> _Material provided_
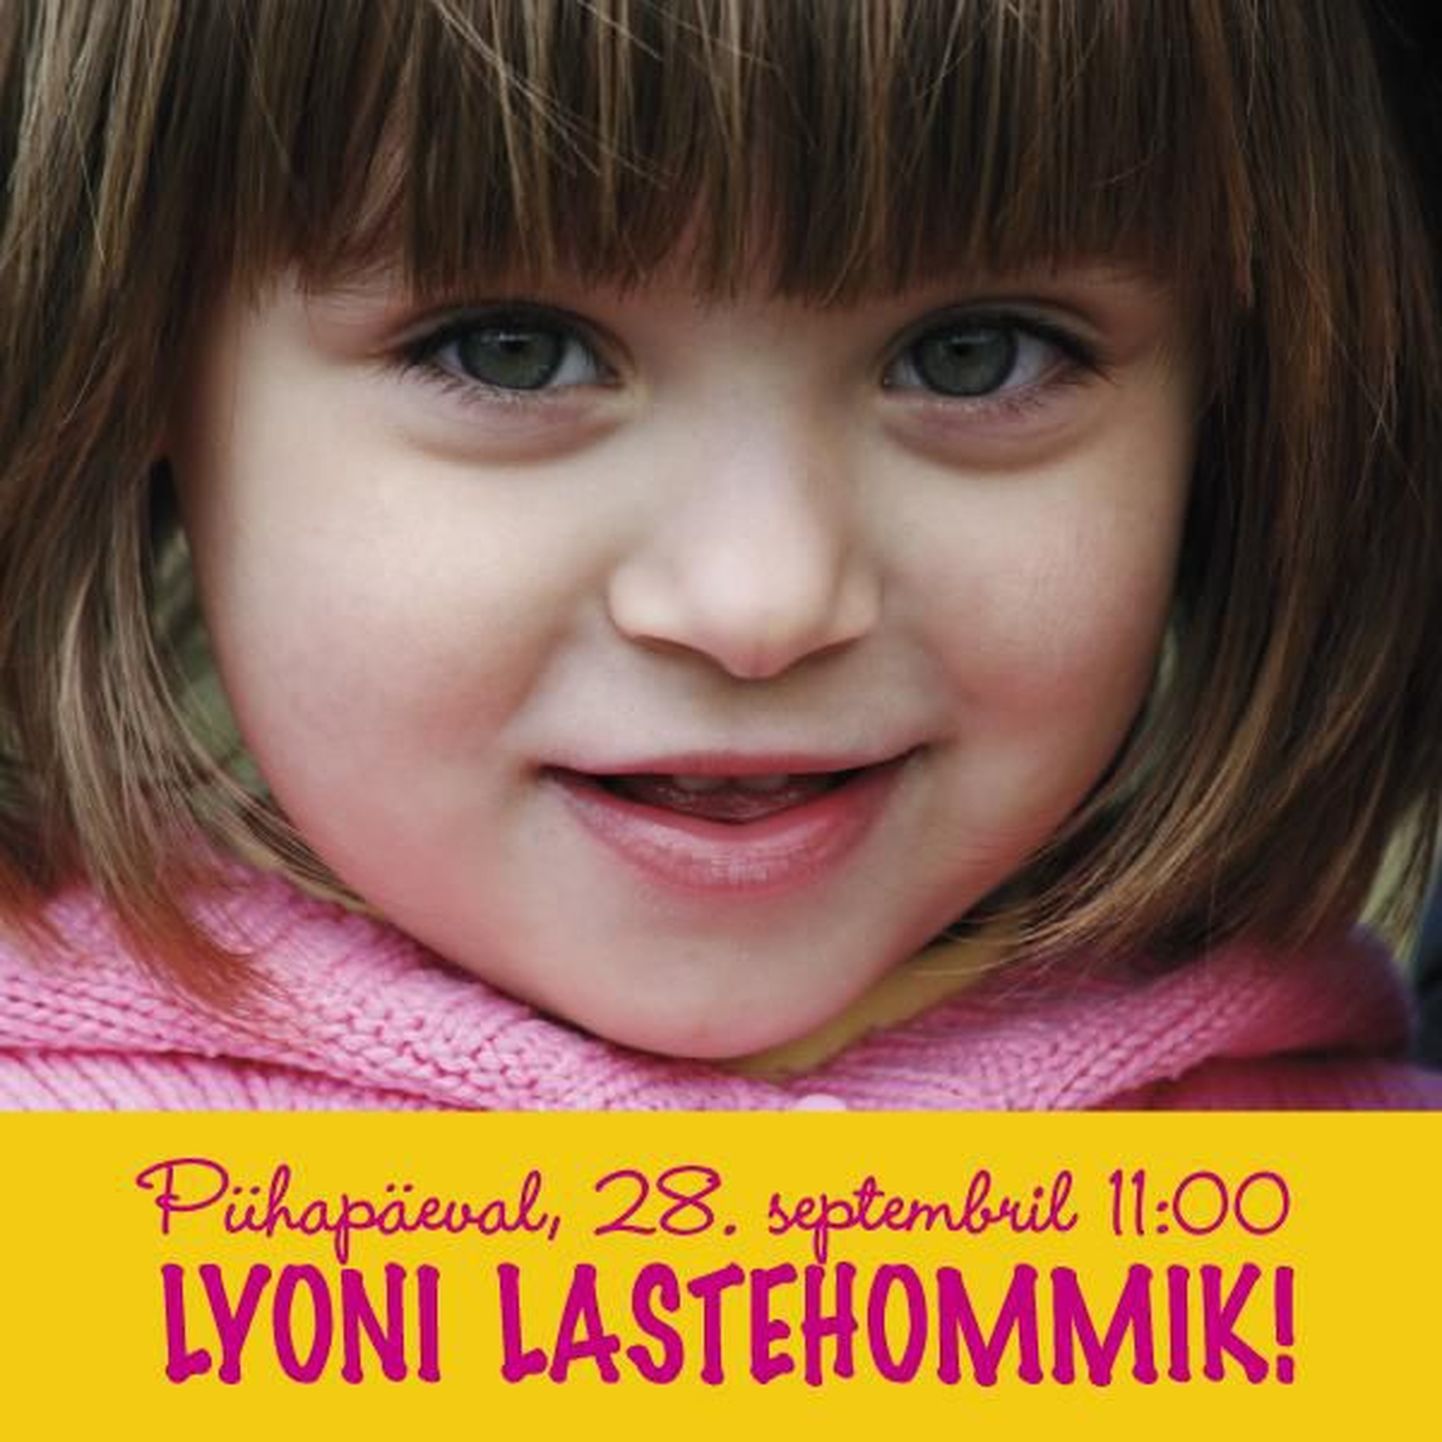 Lyoni lastehommik 28. septembril 11.00
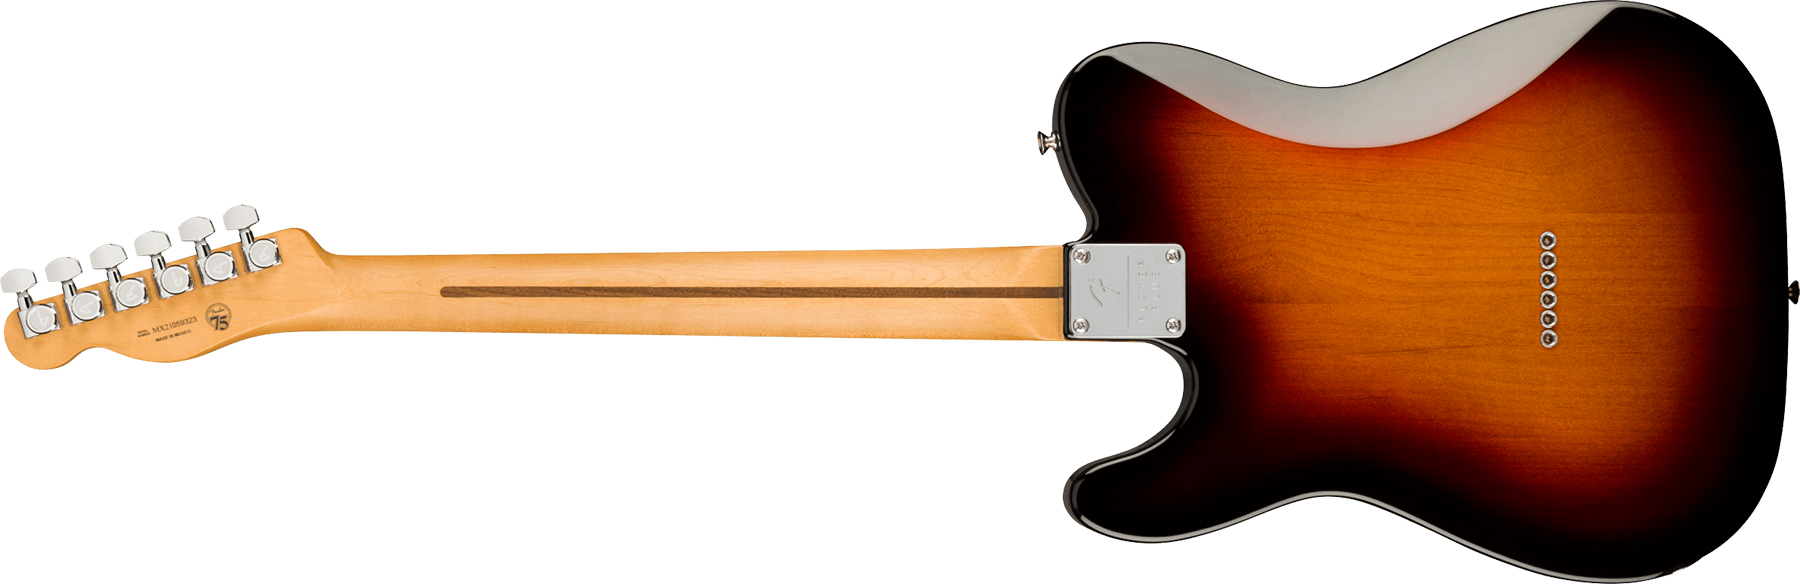 Fender Tele Player Plus Mex 2s Ht Mn - 3-color Sunburst - Televorm elektrische gitaar - Variation 1
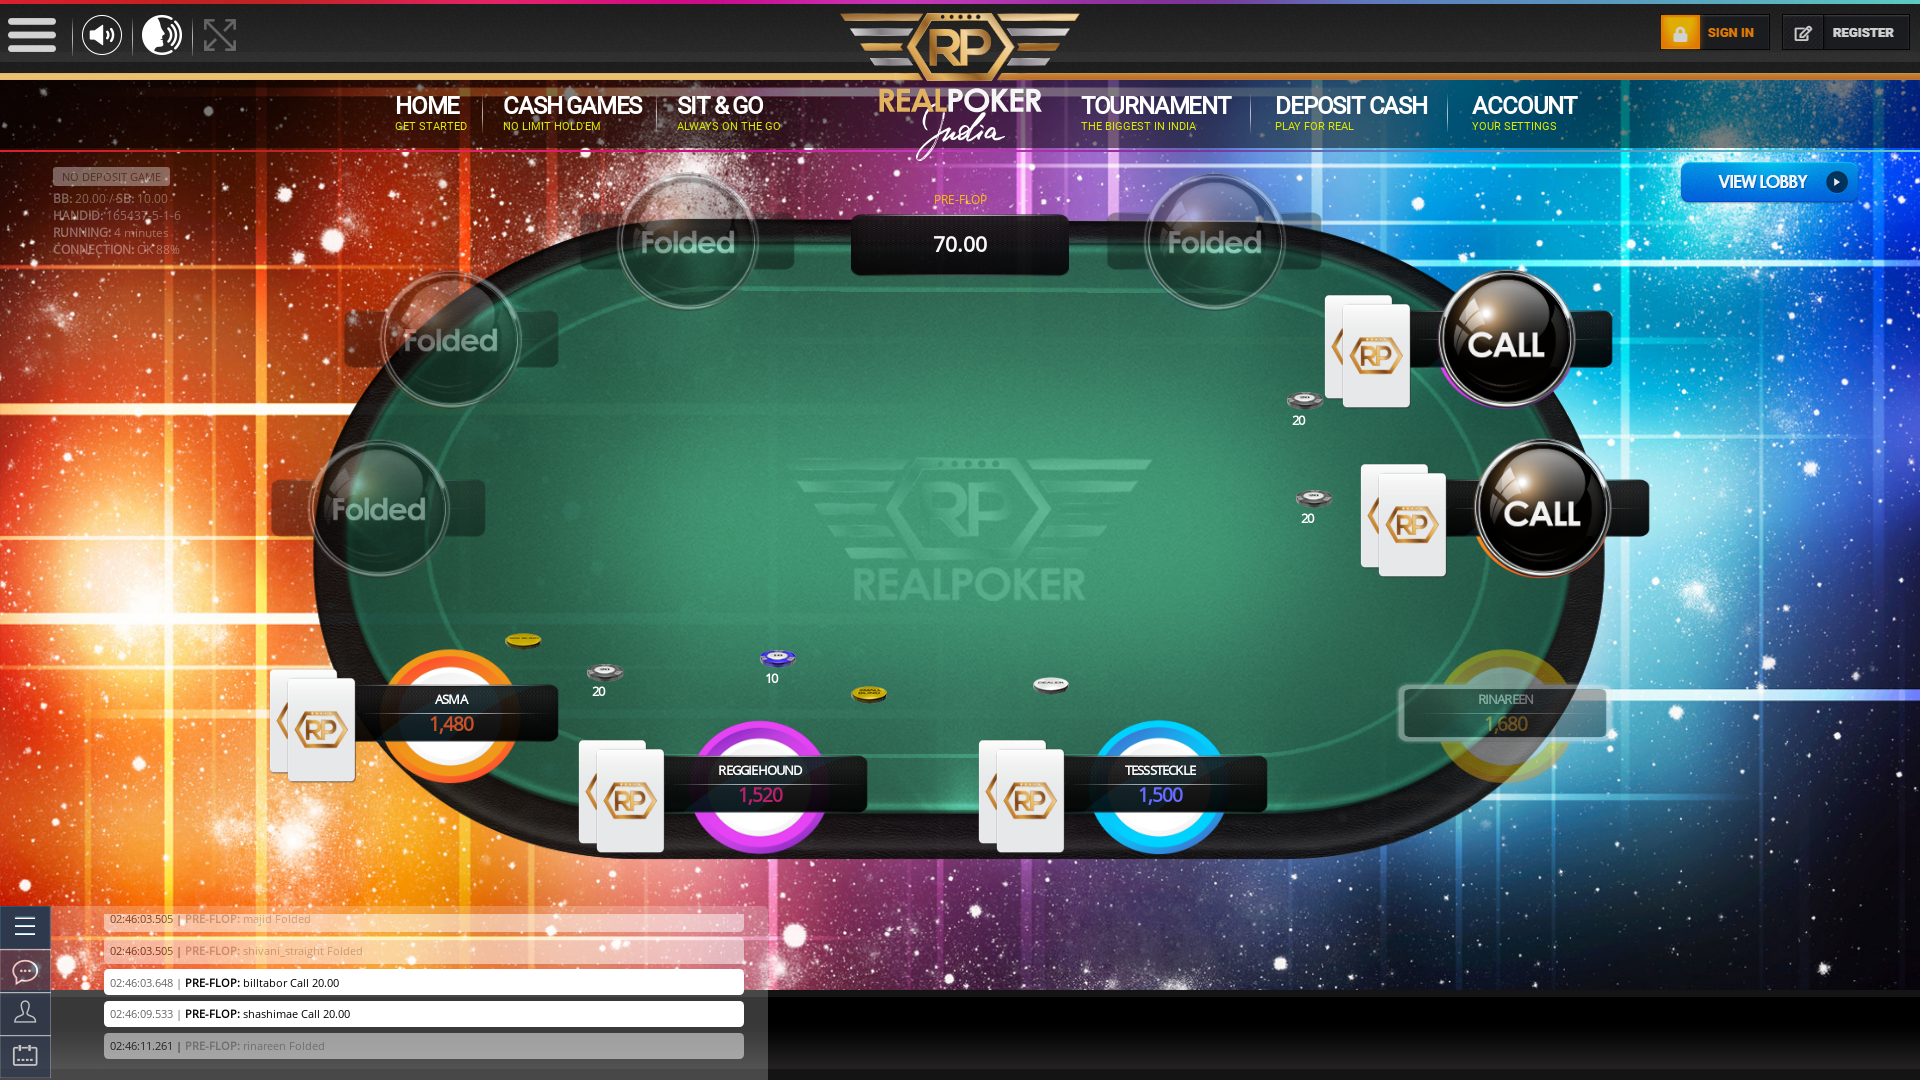 shivani_straight playing online poker on the Bardez table

> _Required work_
The full data, repeated exactly and stripped of its pictures, is the expected answer.

> _Written solution_
 Lyoni lastehommik 28. septembril 11.00
 Fender Tele Player Plus Mex 2s Ht Mn - 3-color Sunburst - Televorm elektrische gitaar - Variation 1
 shivani_straight playing online poker on the Bardez table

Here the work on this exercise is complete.